Wales to Be Powered by 100% Renewable Energy
An ambitious new plan could see Wales sourcing 100% of its energy needs from renewable energy technology by 2035. The Welsh Government is being urged to finance more green energy projects by the Institute of Welsh Affairs (IWA).
As well as benefitting the environment, the IWA claims reaching the target could support 20,150 jobs annually.
Green Energy Could Be a ‘Key Part of Welsh Identity’
The reenergising Wales coordinator, Shea Buckland-Jones, believes more investment is needed. However, he has stated that that energy could ‘form a key part of Welsh identity’ in the future.
Mr Buckland-Jones added,
“There are environmental benefits, there are social benefits, there are economic benefits. I think one of our clear messages from the final plan is that we need leadership on this; the scale of the challenge is quite drastic, and we need Welsh Government action.”
10-Point Plan to Become 100% Renewable
The IWA is a big part of that future and they have been researching solutions over the last three years. The result is a 10-point plan that will move Wales towards 100% renewable energy well within the next two decades.
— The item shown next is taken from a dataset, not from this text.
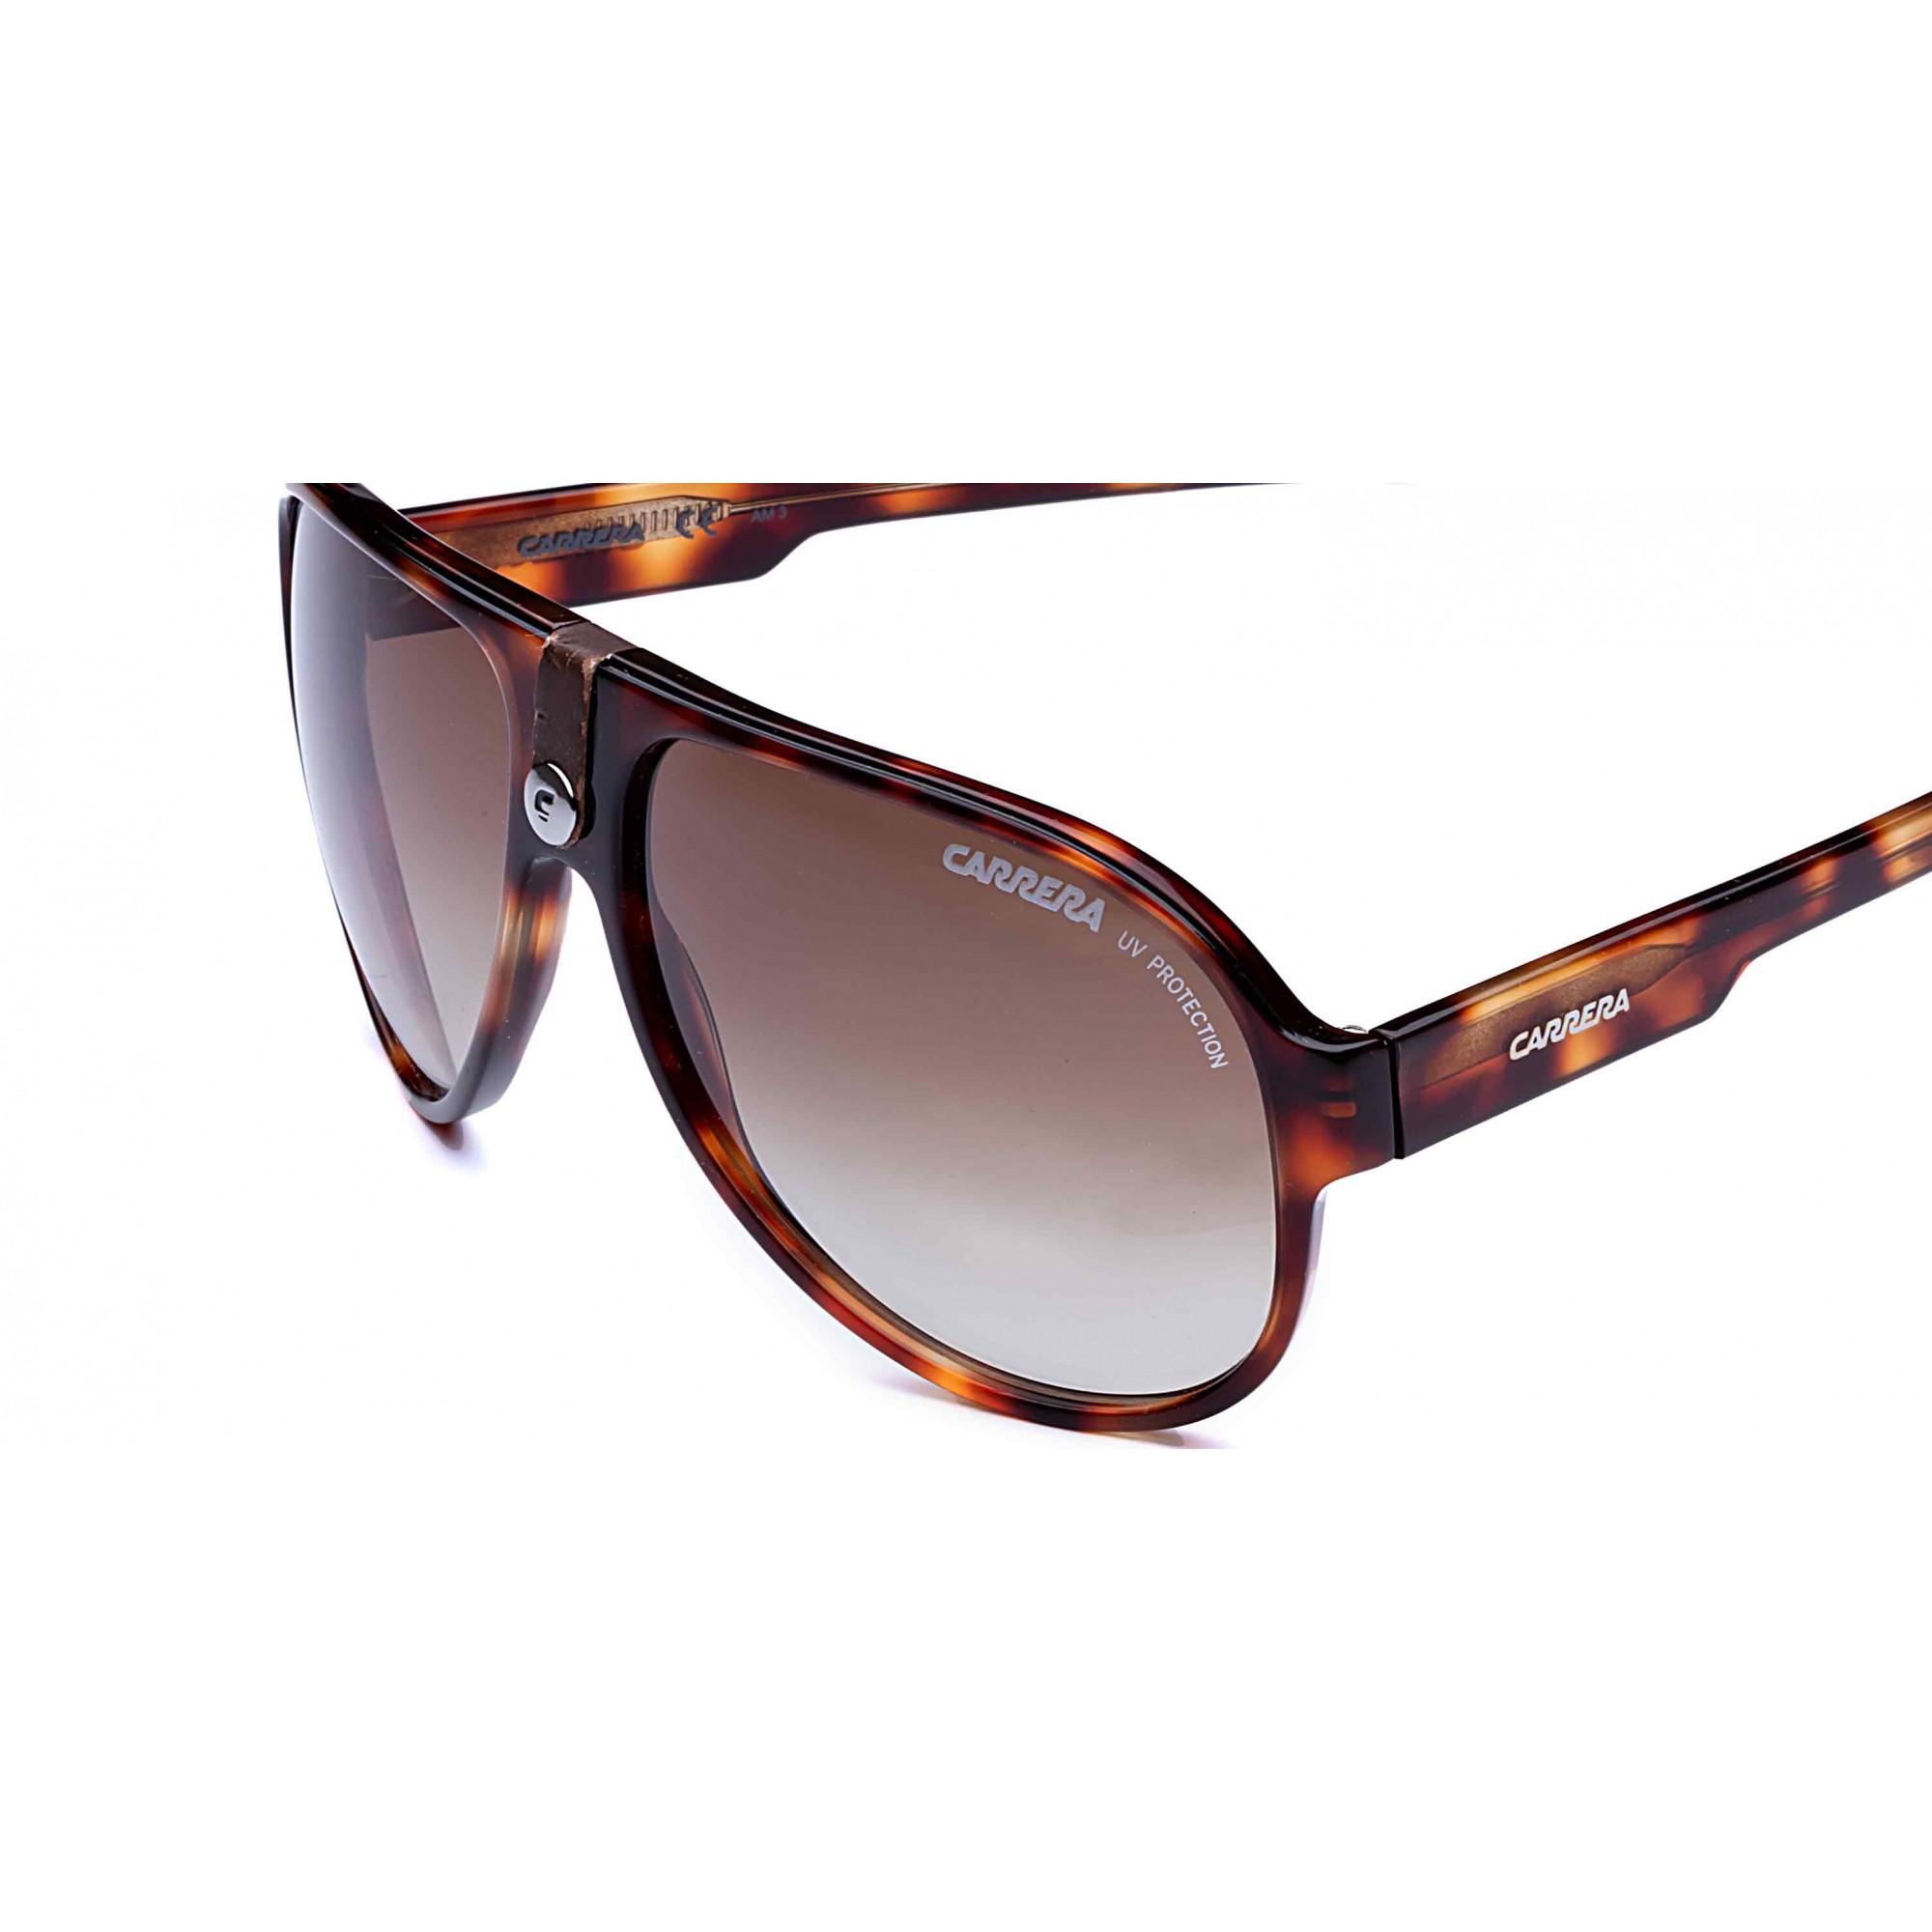 Óculos de Sol WDRSH 32 Carrera - Original

Wales’ First Minister, Mark Drakeford, complimented the IWA’s plan. He called it a ‘welcome insight’ into the future of Welsh energy consumption. One possible obstacle though is that some of the energy policy power still resides with the main UK government. However, Mr Drakeford insisted that enough of the requisite powers to push the plan forward was in Welsh government hands.
The Institute of Welsh Affairs’ plan calls for significantly more funds to be diverted towards developing green technology. It is understood that the organisation believes the current block grant is insufficient to make real progress. They also encourage the government to create a ‘low carbon economic stimulus’ for a maximum period of eighteen months. This can be paid for using either borrowed funds or money from the proposed block grant increase.
Local Ownership a Key Part of Plan
The IWA believes the money can help drive the development of locally-owned energy projects. Another major benefit would be the enhancement of energy efficiency in residential buildings. Some of the funds could also go towards providing more coverage for charging low carbon vehicles.
Additional parts of the plan include using planning regulations and public land to support new renewable energy schemes. There should also be a requirement for new energy projects to have between 5% and 33% local or community ownership. The ownership requirement would only apply to new projects producing 5MW of energy or above. The IWA also wants to address the lack of education about energy matters within ‘key public organisations’.
Other items include a radical new approach to transport revolving around a comprehensive decarbonisation plan. The IWA also wants Wales to develop a marine energy niche.